The special case of optimizing deployment of genotypes to a seed orchard was explored by Lindgren and Matheson (1986) and Lindgren et al. (1989) who suggested that the optimum relationship between candidate breeding value and their contribution to the population would be linear. The application of “linear deployment” is only possible when the candidates are unrelated as might be the case when selecting “backward” on progeny tested plus tree candidates. If the candidate pool includes relatives, Bondesson and Lindgren (1993) suggested that a more complex formulation would be required, perhaps using a LaGrange function. In more recent work, Lindgren's group used the Microsoft Excel add-in tool, “Solver”, to maximize gain by linear programming under a LaGrange equality constraint on relatedness (Danusevičius and Lindgren 2008; Lindgren et al. 2009).

The quadratic object function was introduced by Meuwissen (1997) as the basis for seeking an optimal balance between genetic merit and relatedness by simultaneous selection of parents and calculation of their respective mating proportions. Meuwissen's algorithm is based on LaGrangian multipliers (LM) and has been used in both theoretical and practical applications to optimize breeding programs, mainly in an animal-breeding framework (e.g., Grundy et al. 1998; Avendaño et al. 2004; Hinrichs et al. 2006; Villanueva et al. 2006; Woolliams 2007; Hinrichs and Meuwissen 2011). The LM method was recommended for application to forest trees by Kerr et al. (1998) and subsequently demonstrated in the management of breeding (Hallander and Waldmann 2009a) and in the optimal selection of Scots pine (Pinus sylvestris L.) parents for a seed orchard with unequal numbers of ramets (Hallander and Waldmann 2009b). A general assumption made by LM is that the optimal solution should occur when the restriction on relatedness is exactly achieved, i.e., the optimal solution is found at the boundary of all possible solutions. After a primary solution is obtained, some candidates will obtain negative contributions as there is no restriction on the minimum (or maximum) contribution of the selection candidates. By removing negatively contributing candidates from the selection process, either all simultaneously or one-by-one, and resolving the optimization, a final set of candidates and their respective contributions is obtained.

There are, as pointed out by Pong-Wong and Woolliams (2007), some serious drawbacks with the LM method. First, by removing candidates or fixing their contributions to zero and re-optimizing with a new subset of candidates, it is possible that the true optimum solution is bypassed in the iterative procedure. Second, there is no restriction on the maximum allowed contribution of any particular candidate.

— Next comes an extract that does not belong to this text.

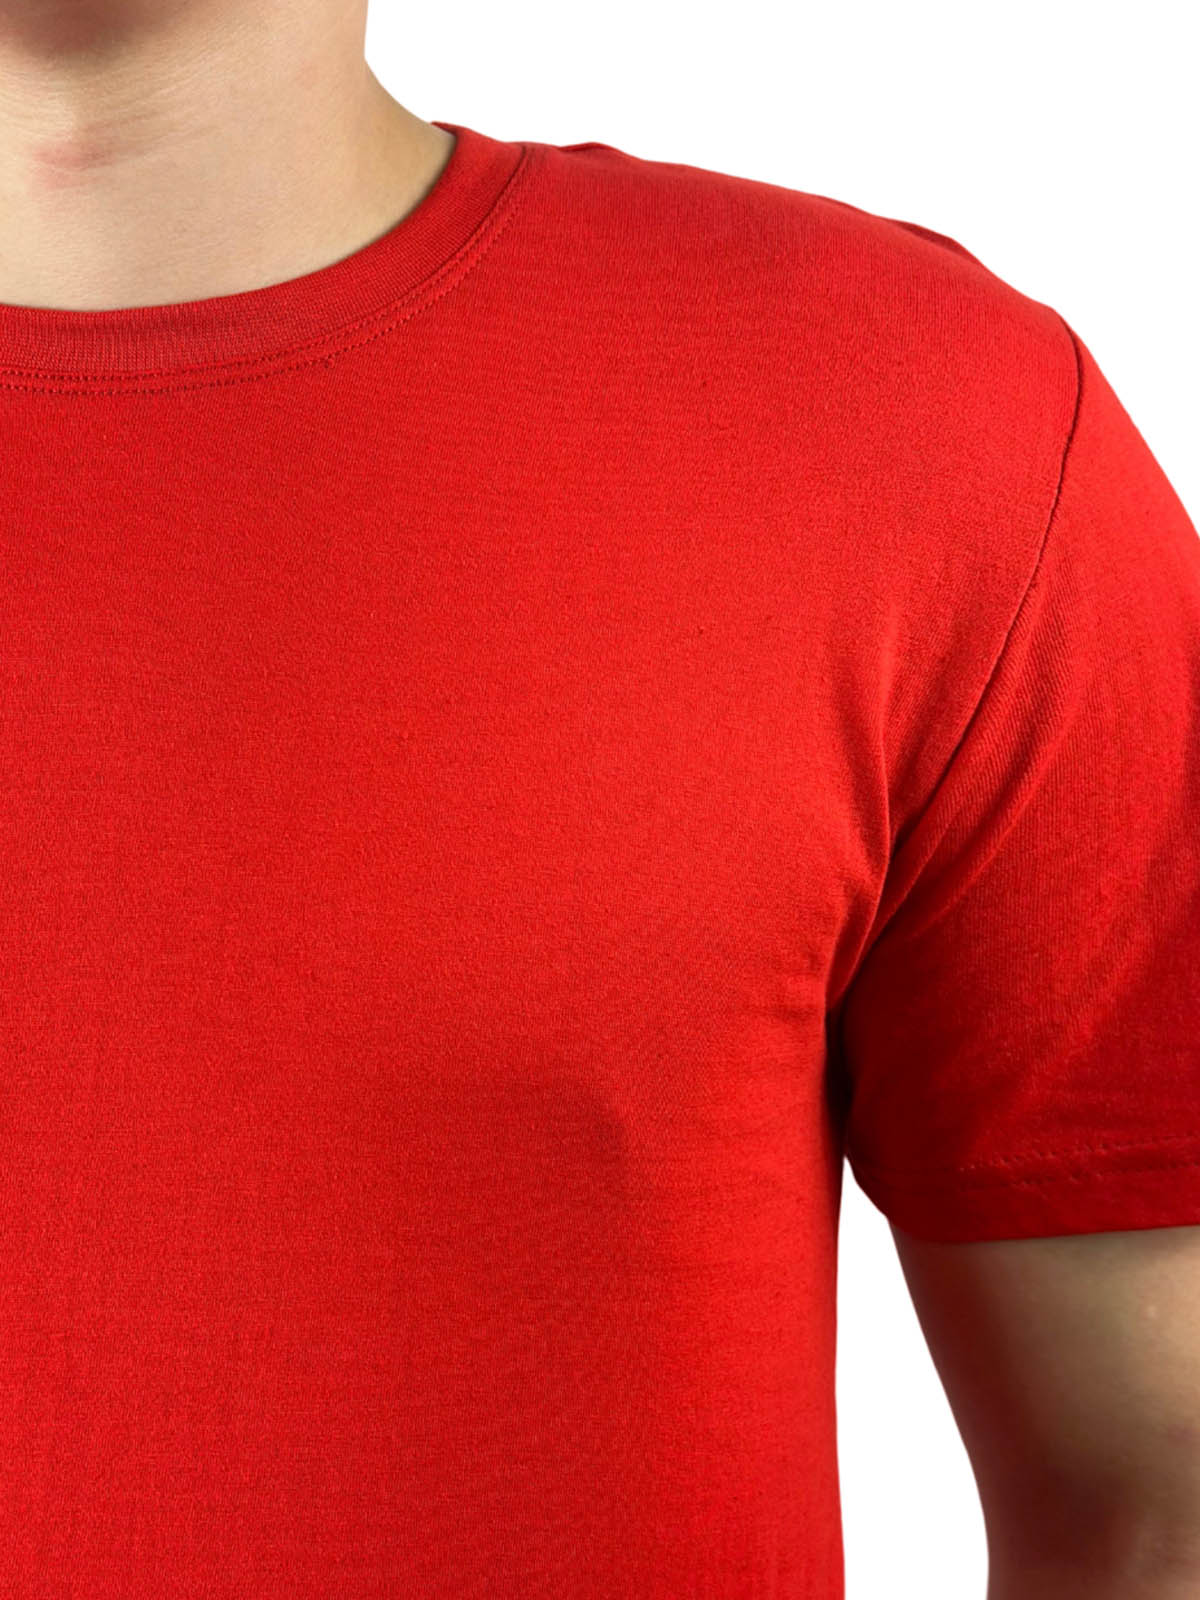 Заказать красные футболки оптом

This means that ad hoc manipulations of the final solution may be required to satisfy other operational constraints on its implementation. For example, in forest tree breeding, one major constraint for the establishment of grafted seed orchards is the number of scions that can be collected from a given genotype.

In this paper, we examine the application of semidefinite programming (SDP) to optimize selection for gain with a quadratic constraint on relatedness as applied to typical situations in establishment and management of forest tree seed orchards. SDP was introduced by Pong-Wong and Woolliams (2007) as an alternative method for finding a solution to a convex optimization problem in an animal-breeding framework. They reported that in several examples, SDP found a more optimal solution than did the LM approach. To our knowledge, theirs is the only published study with a focus on breeding that has utilized SDP to obtain optimal contributions although their comparisons of the SDP and LM approaches were limited to small “toy” examples. Here, we apply SDP to two illustrative case studies: (1) a real Scots pine (P. sylvestris L.) pedigree and associated breeding value estimates to illustrate the performance and flexibility of the method, while imposing additional operational constraints of interest to orchard managers and (2) selection for an elite orchard among clonally replicated loblolly pine (P. taeda L.) in a publically available pedigree representing varying degrees of relatedness among candidates.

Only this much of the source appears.